Supplied data:
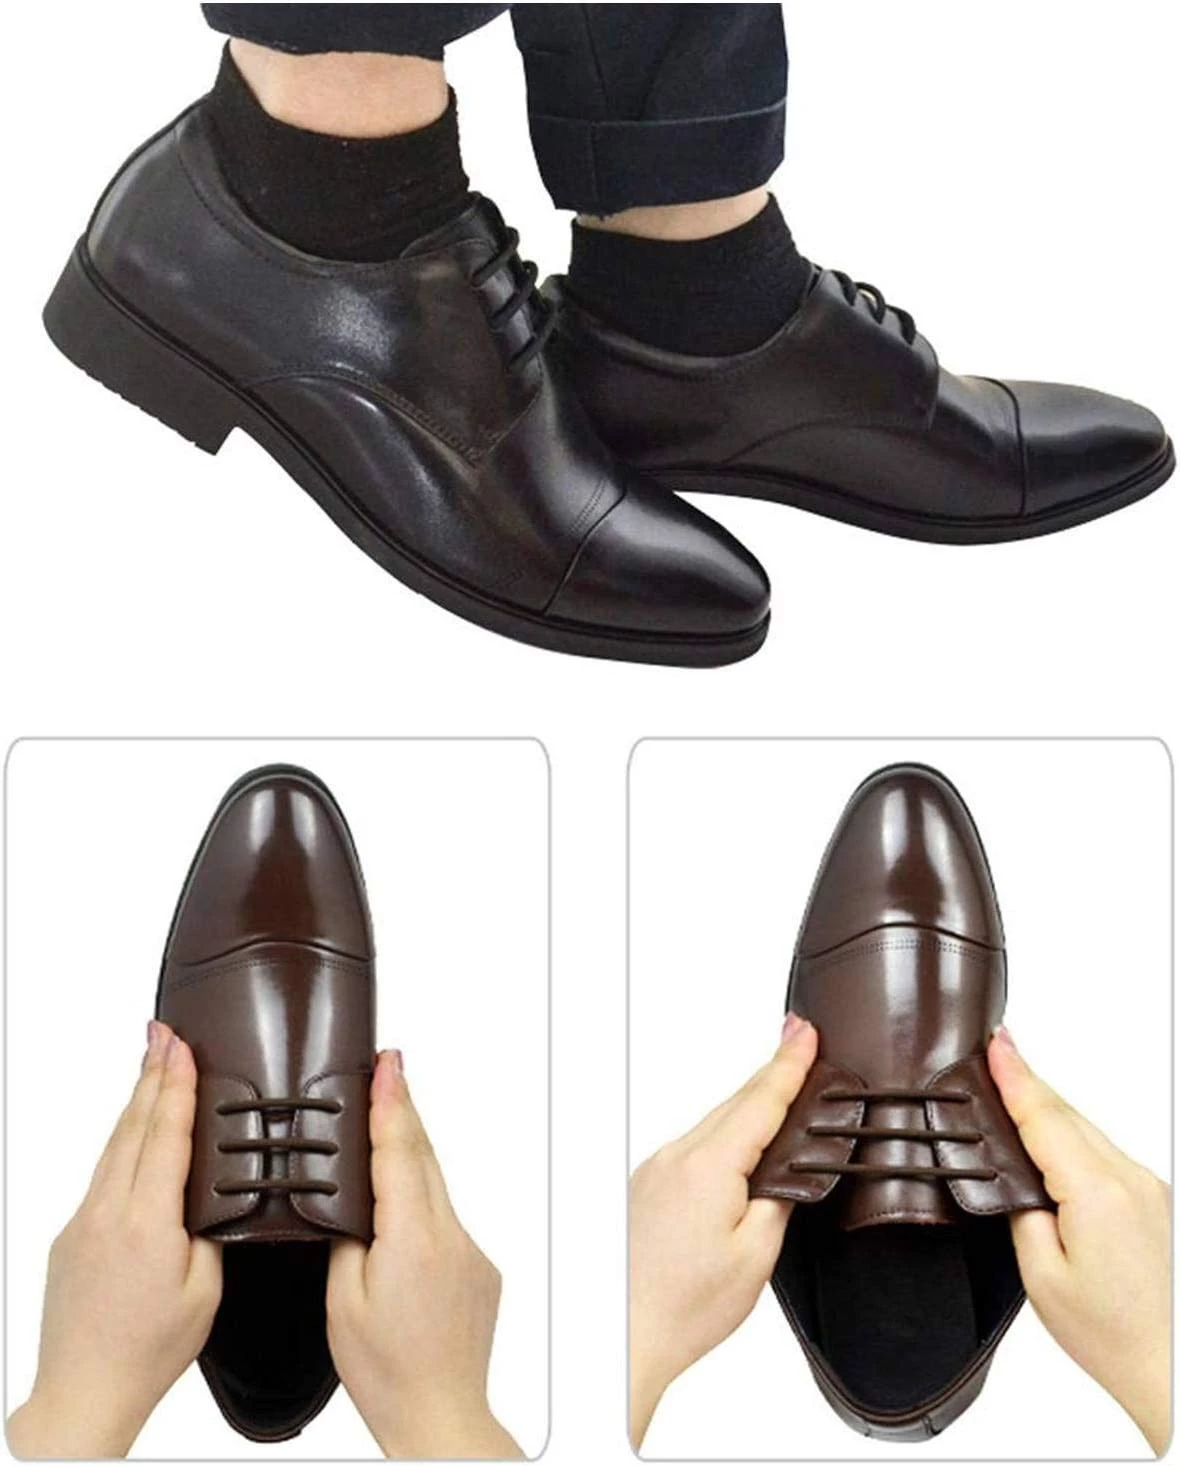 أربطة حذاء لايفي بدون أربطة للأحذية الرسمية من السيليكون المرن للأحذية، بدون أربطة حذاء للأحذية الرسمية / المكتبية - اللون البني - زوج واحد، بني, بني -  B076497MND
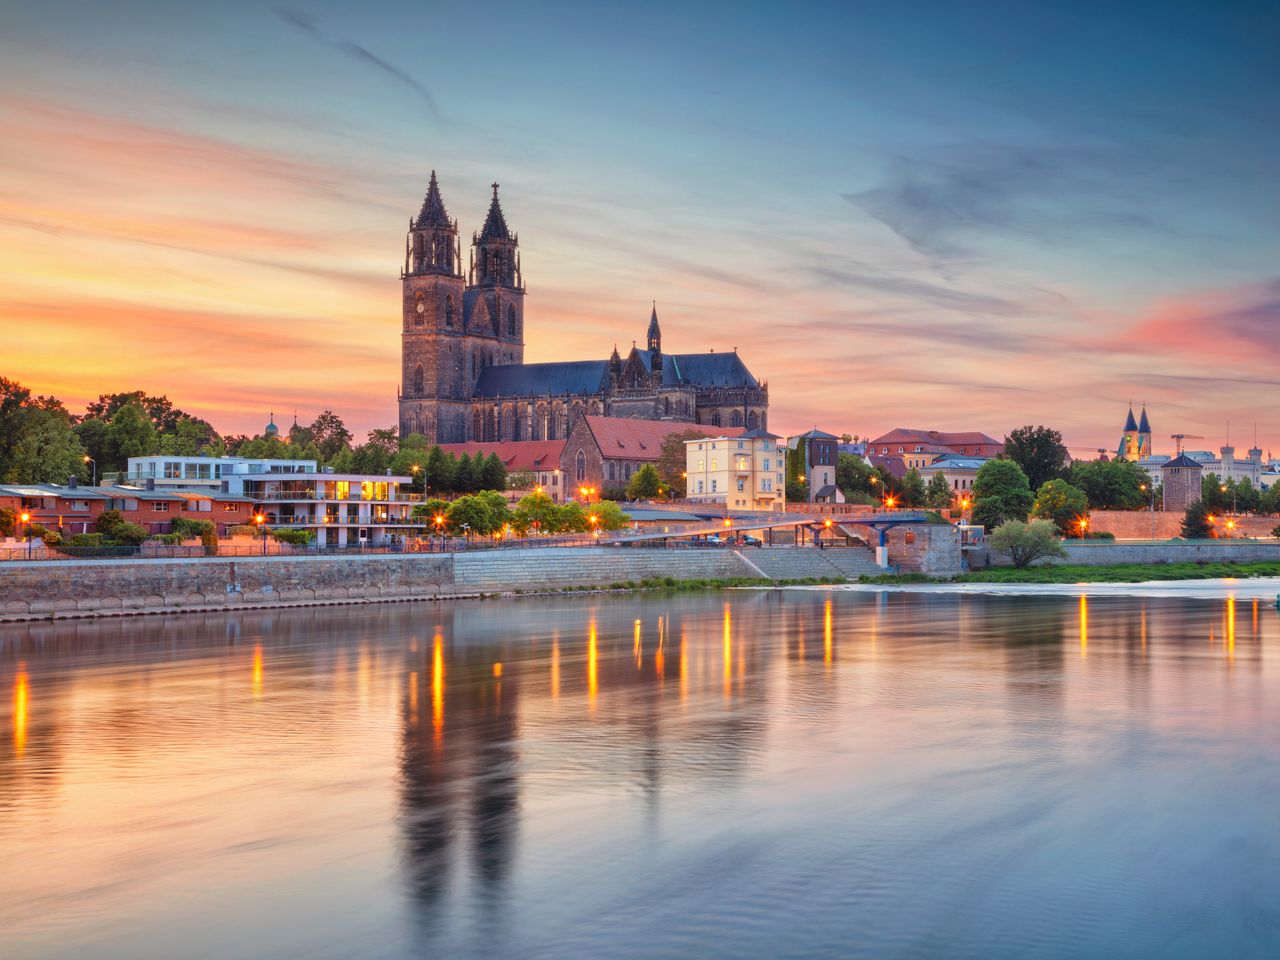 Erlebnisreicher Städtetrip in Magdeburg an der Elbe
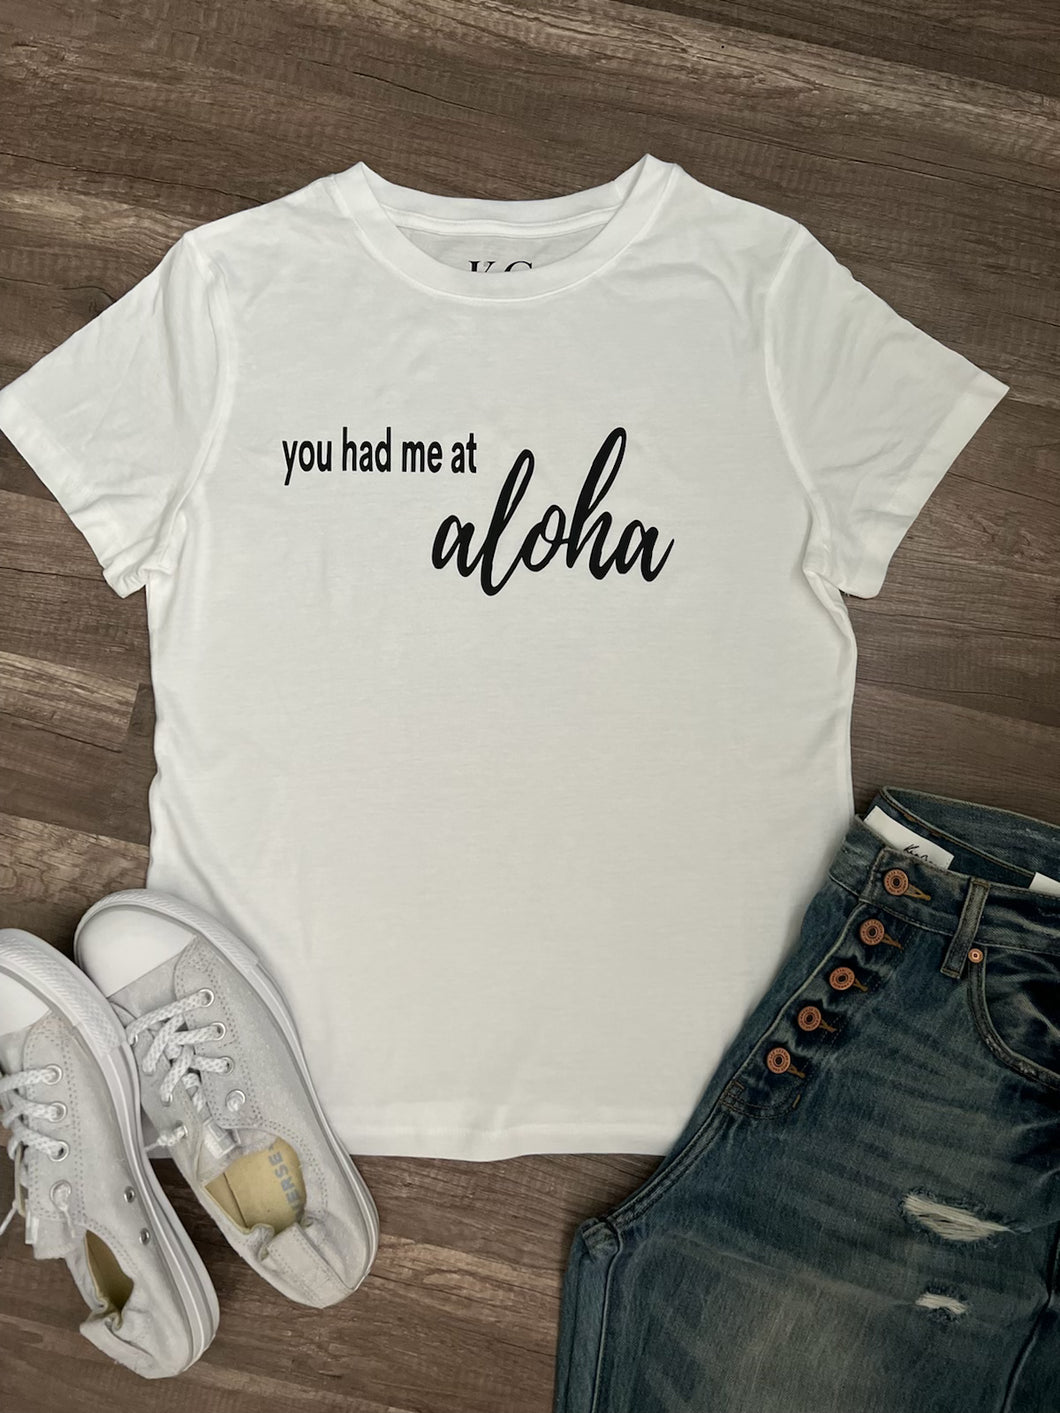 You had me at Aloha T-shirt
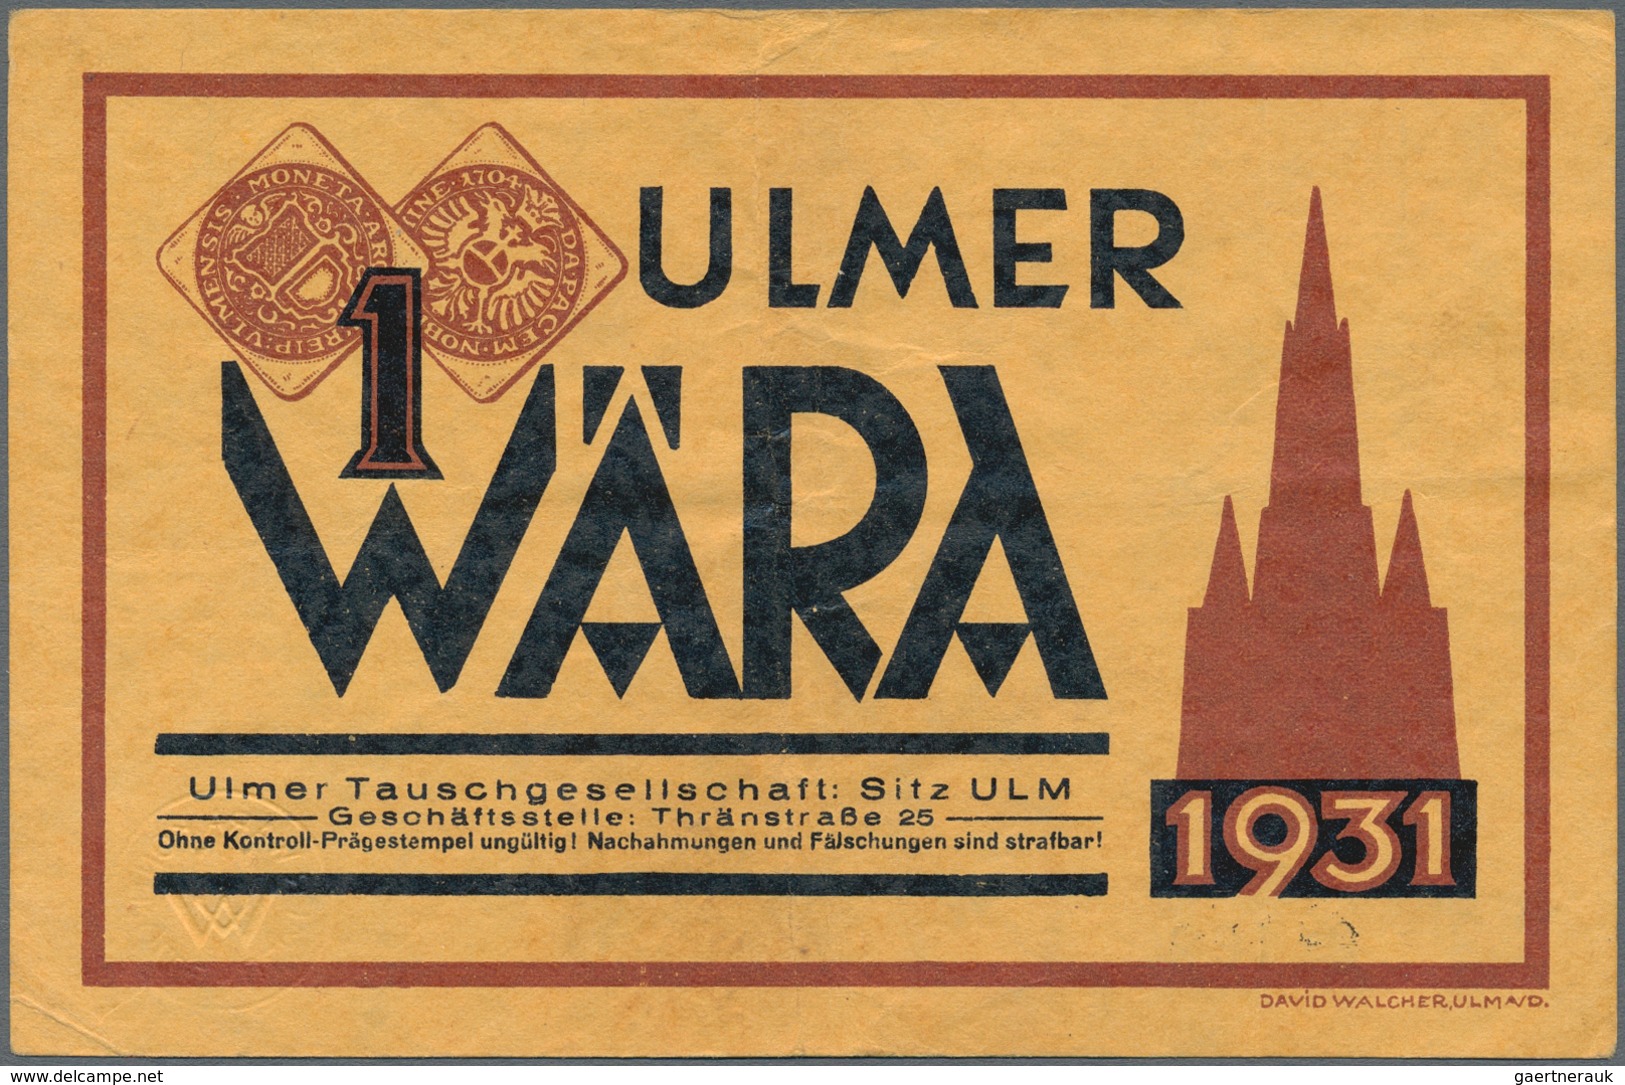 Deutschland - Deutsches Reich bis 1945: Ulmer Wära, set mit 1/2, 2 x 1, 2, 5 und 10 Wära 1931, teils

Your goal: Exclude all pictures and reproduce verbatim the lines running from the line that contains "You had me at Aloha T-shirt" to the end of the data above, both ends included.

Exercise output:
 You had me at Aloha T-shirt
 Deutschland - Deutsches Reich bis 1945: Ulmer Wära, set mit 1/2, 2 x 1, 2, 5 und 10 Wära 1931, teils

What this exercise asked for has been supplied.